Figure 3.2 : Description d’un neurone pyramidal et d’un neurone étoilé. Une synapse excitatrice est représentée : elle provoque un puits de courant dans la région post-synaptique, ce qui provoque dans les milieux intra et extra-cellulaires des courants se refermant sur le reste de la membrane, lequel se présente donc comme une source de courant. Ces mouvements ioniques peuvent être modélisés en première approximation par un dipôle de courant, représenté par une flèche rouge.

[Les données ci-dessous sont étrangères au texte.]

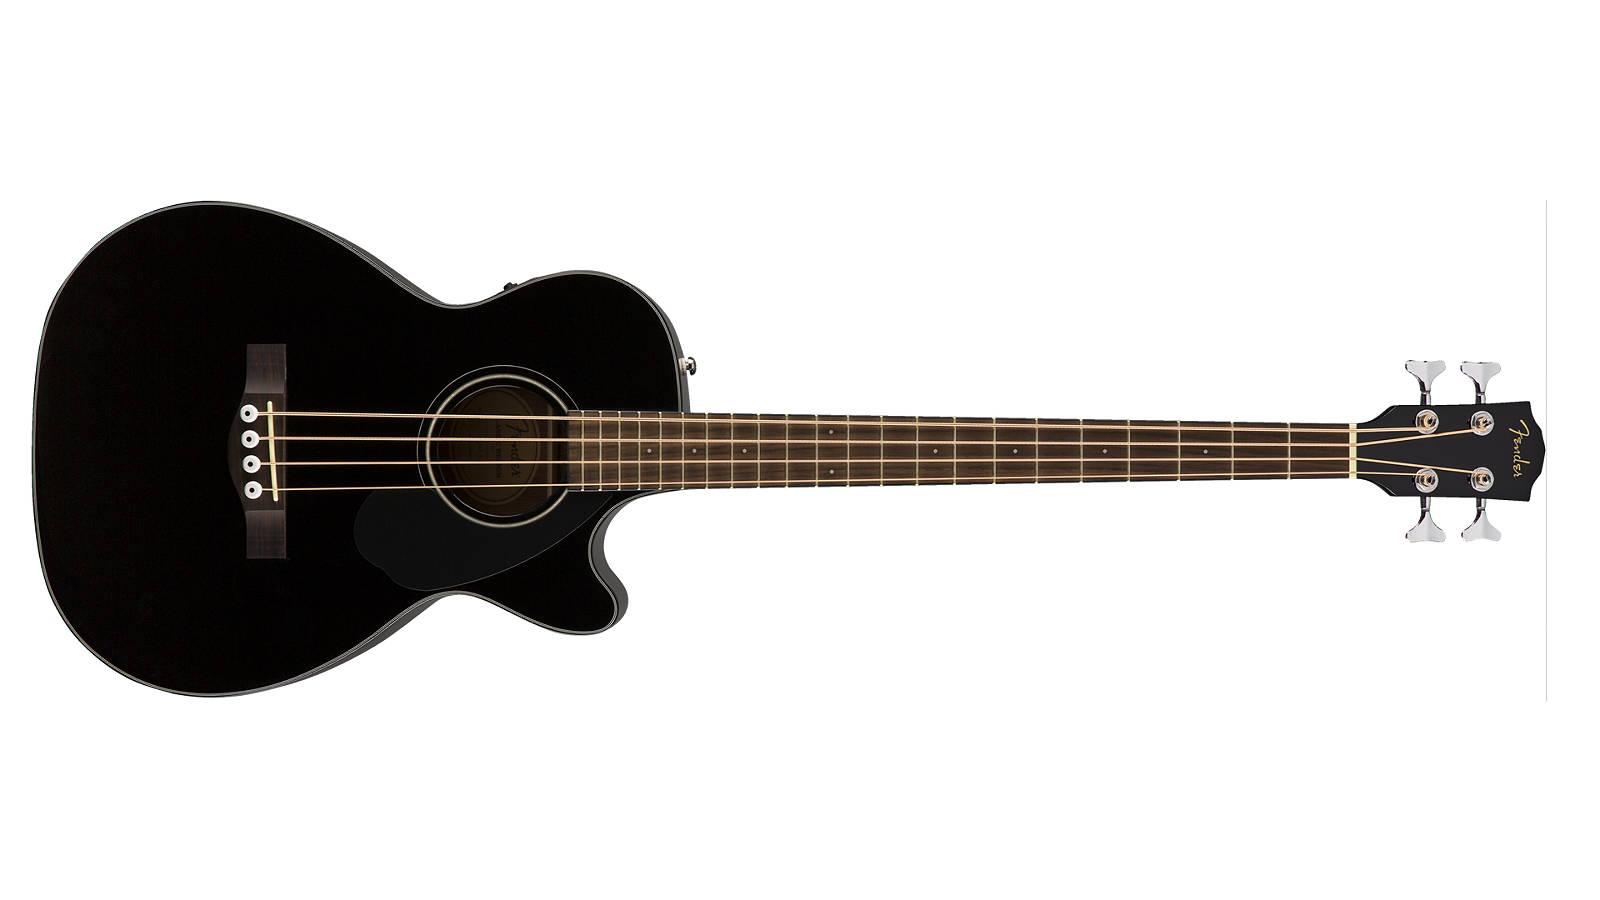 Fender CB-60SCE BLK Akustikbass
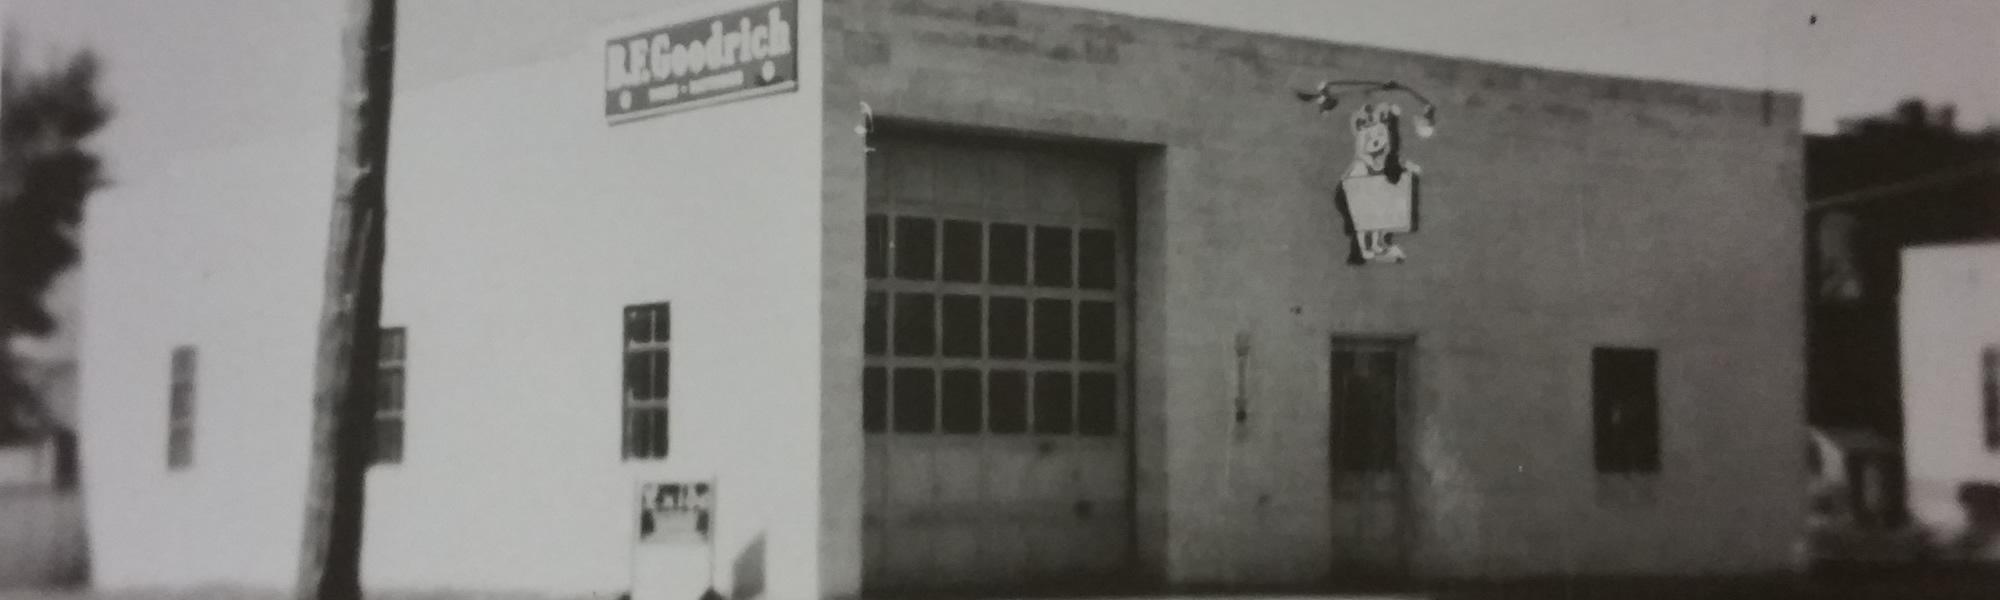 Lodermeiers History

Figure 3.2 : Description d’un neurone pyramidal et d’un neurone étoilé. Une synapse excitatrice est représentée : elle provoque un puits de courant dans la région post-synaptique, ce qui provoque dans les milieux intra et extra-cellulaires des courants se refermant sur le reste de la membrane, lequel se présente donc comme une source de courant. Ces mouvements ioniques peuvent être modélisés en première approximation par un dipôle de courant, représenté par une flèche rouge.
Dipôle de courant équivalent à un groupe de cellules pyramidales du cortex
Dipôle de courant équivalent à un groupe de cellules pyramidales du cortex

Si l’on considère un volume du cerveau où sont situés des neurones actifs, l’activité électrique de ce volume peut être schématisée par un dipôle de courant équivalent. Ce dipôle est la résultante de tous les dipôles décrits à l’échelle cellulaire. Plus les dipôles unitaires ont une orientation parallèle, avec puits et sources éloignés, plus le dipôle équivalent induit des courants électriques importants à distance. C’est le cas du cortex cérébral, où les cellules pyramidales – organisées en colonnes – ont leurs dendrites apicales orientées parallèlement entre elles et perpendiculairement à la surface du cortex.

Les courants électriques produits par les dipôles équivalents, lors d’une activation des neurones pyramidaux du cortex, vont se propager à distance, en passant trois barrières naturelles : le liquide céphalo-rachidien, la boîte crânienne et la peau. Le passage du courant dans ces tissus résistifs induit des différences de potentiels (selon la loi d’Ohm, U = R.I) Ce sont ces différences de potentiel qui seront enregistrées au niveau du scalp.